Silicone jet dispensing has grown increasingly common in light-emitting diode (LED) packaging owing to its high speed and low cost. However, differences in breakup behavior result in different silicone jetting volumes that create challenges in maintaining dispensing volume consistency during silicone jet dispensing process; this severely affects the performance of LED packaging. To reveal the breakup behavior during the jet dispensing process, the experimental and modeling studies were conducted. First, the ultrafast breakup process was experimentally observed using a high-speed camera, which shows that this process only requires approximately 50 ms. Then, an analytical model was developed and verified through an experiment.

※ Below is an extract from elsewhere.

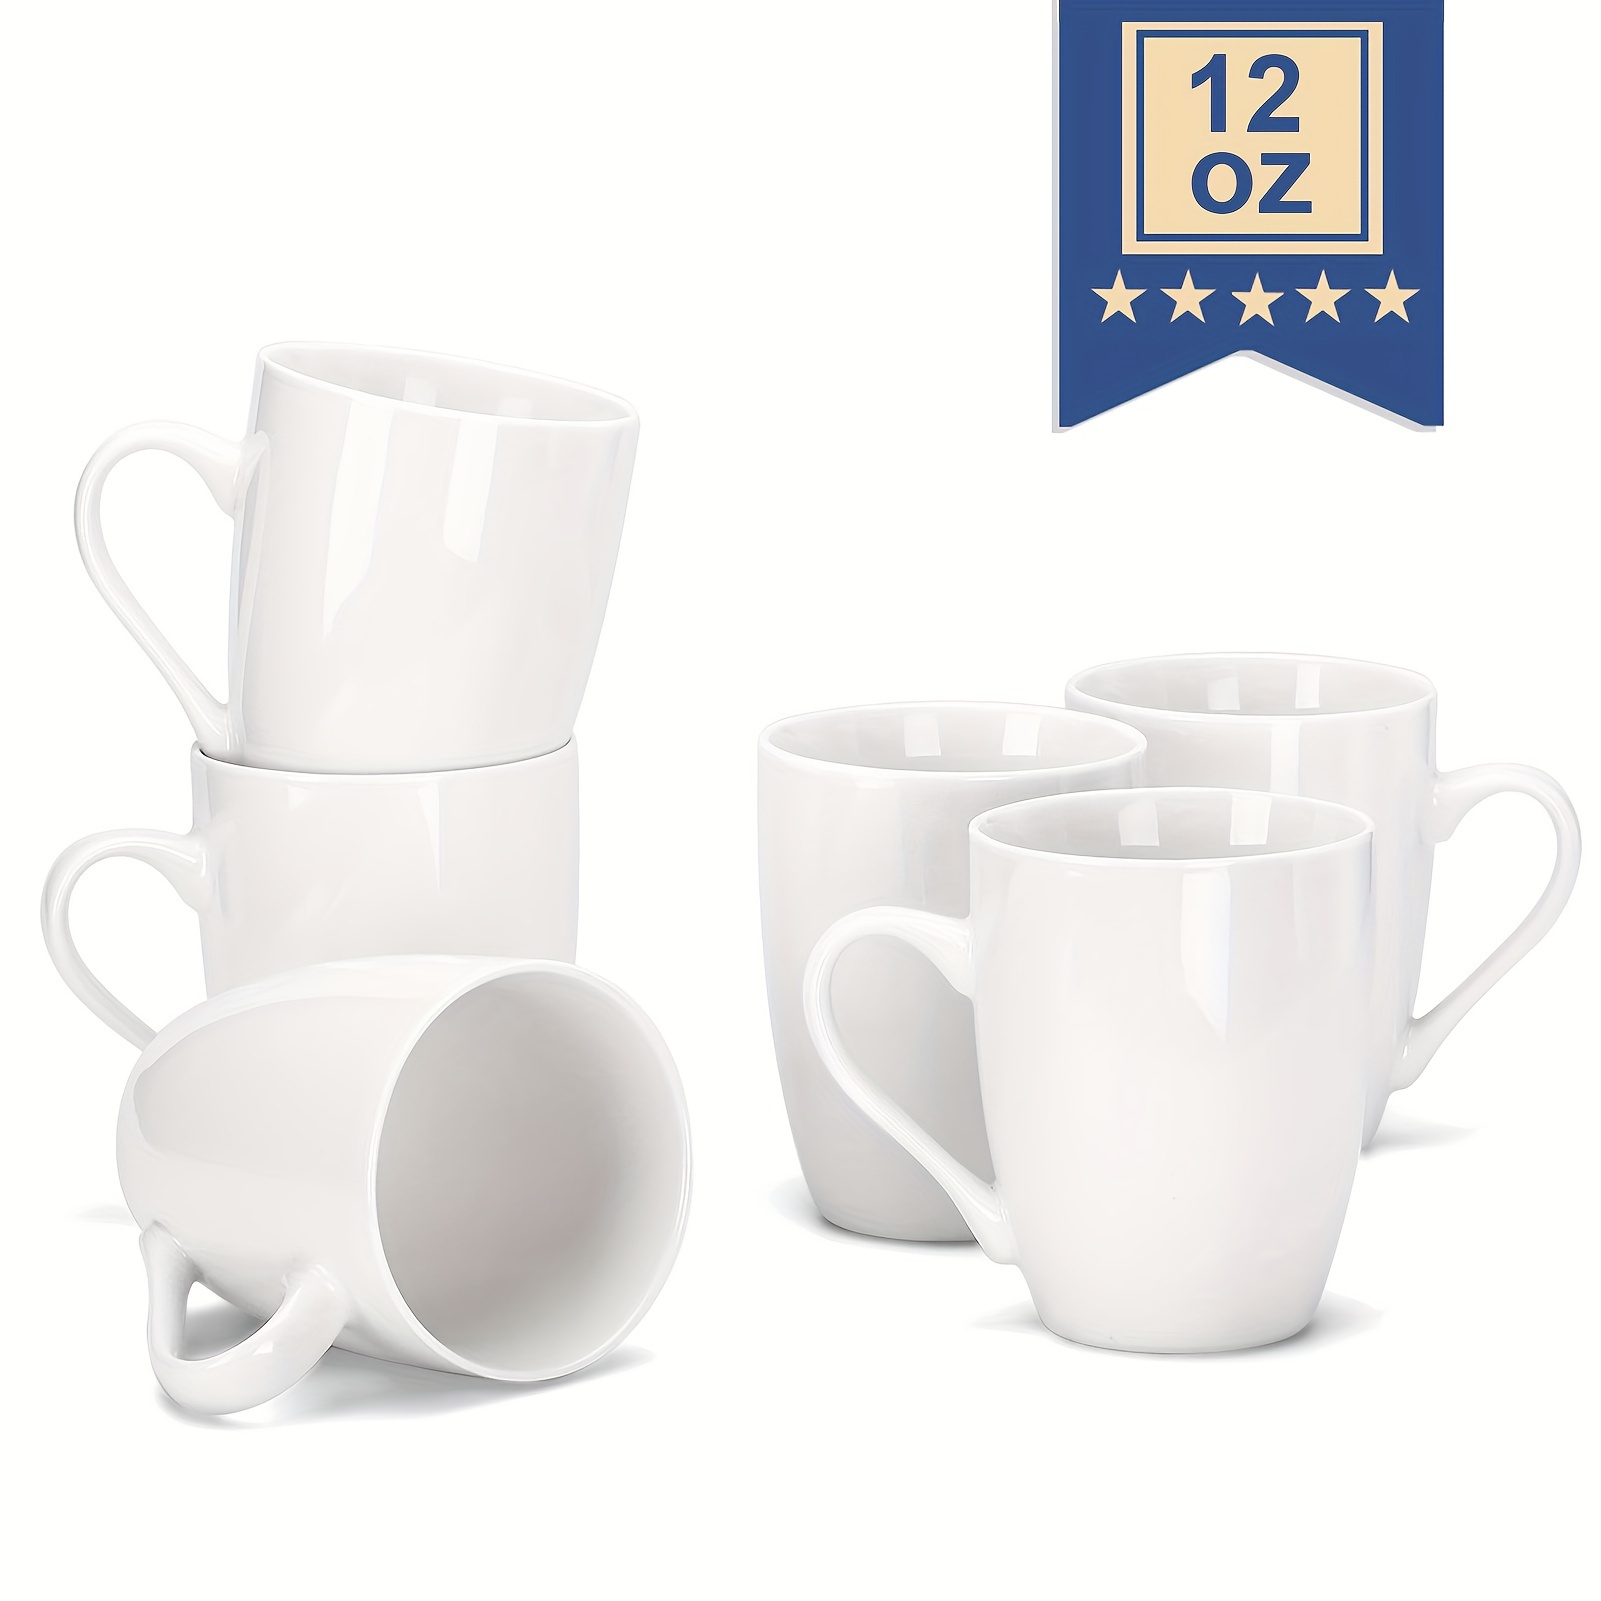 

6pcs, Coffee Mugs, Porcelain Mugs, 12 Ounce For Coffee, Tea, Cocoa, Cappuccino, Latte And Milk, Large Handle Design, Microwave And Dishwasher Safe, White
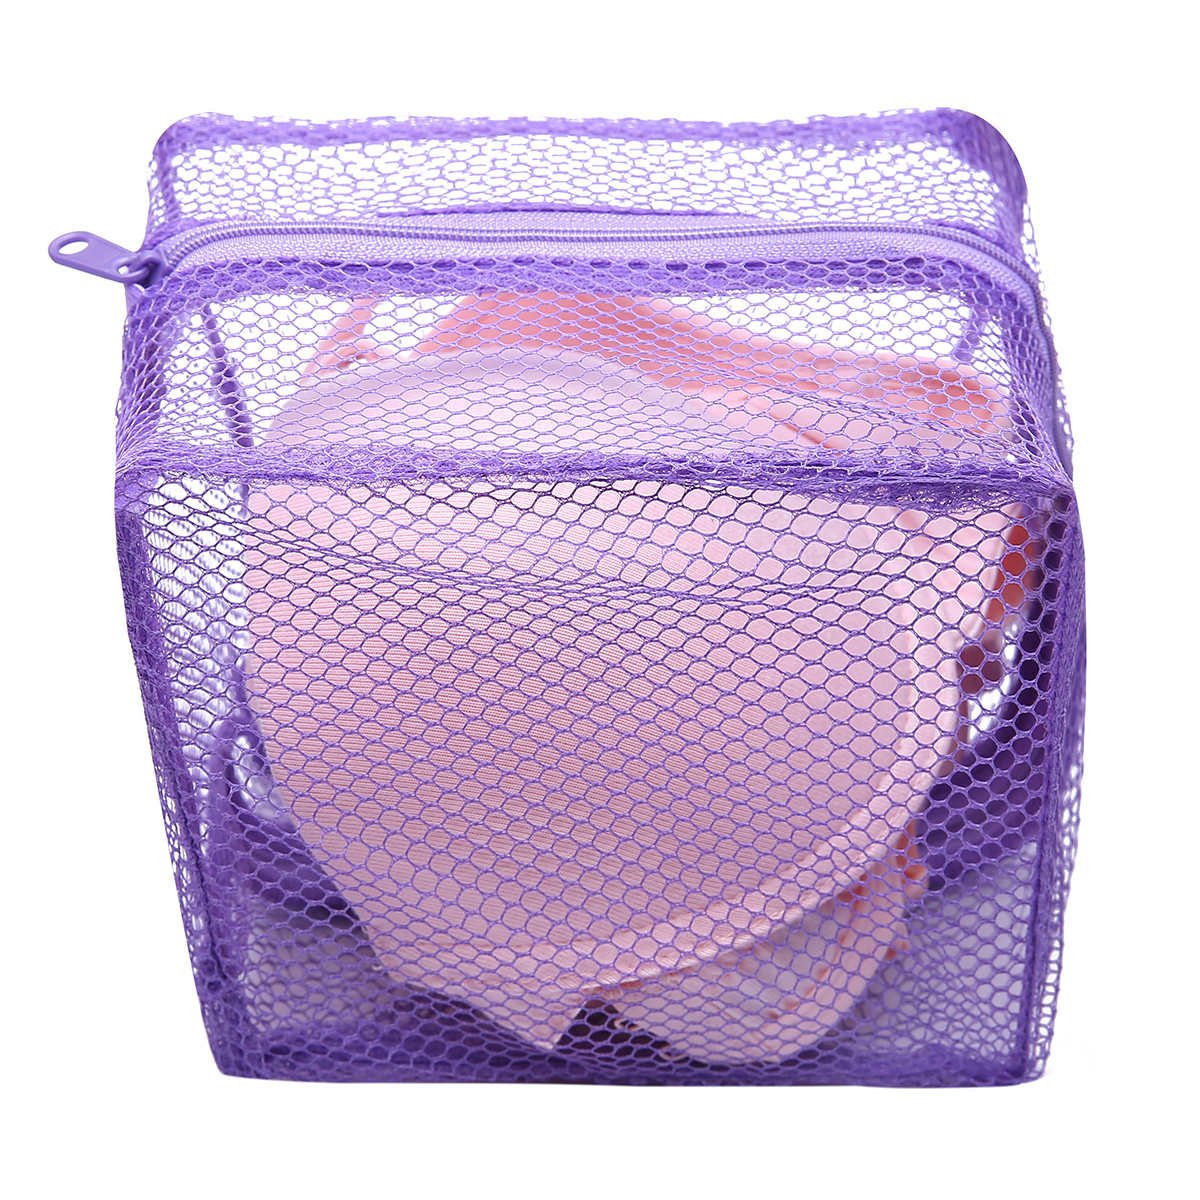 Mesh Laundry Bag Washing Clothes Zipper Solid Net For Bras And Lingerie 2

Using this analytical model, the effects of initial disturbance amplitude, initial disturbance wavelength, and thread length on the thread breakup were studied. The simulation demonstrated that it is necessary to control the disturbance amplitude under 0.005 for volume consistency in jet dispensing; thus, a moving work piece rather than a moving nozzle is recommended in jet dispensing. A disturbance wavelength between 0.3 and 0.6 mm is beneficial for both thread breakup and high-volume consistency. Thread length has little effect on the breakup position but significant effects on the volume consistency and breakup time. A low substrate increases the volume and the consistency of thread breakup. This paper will provide a useful guide for dispenser designs of modern LED packages.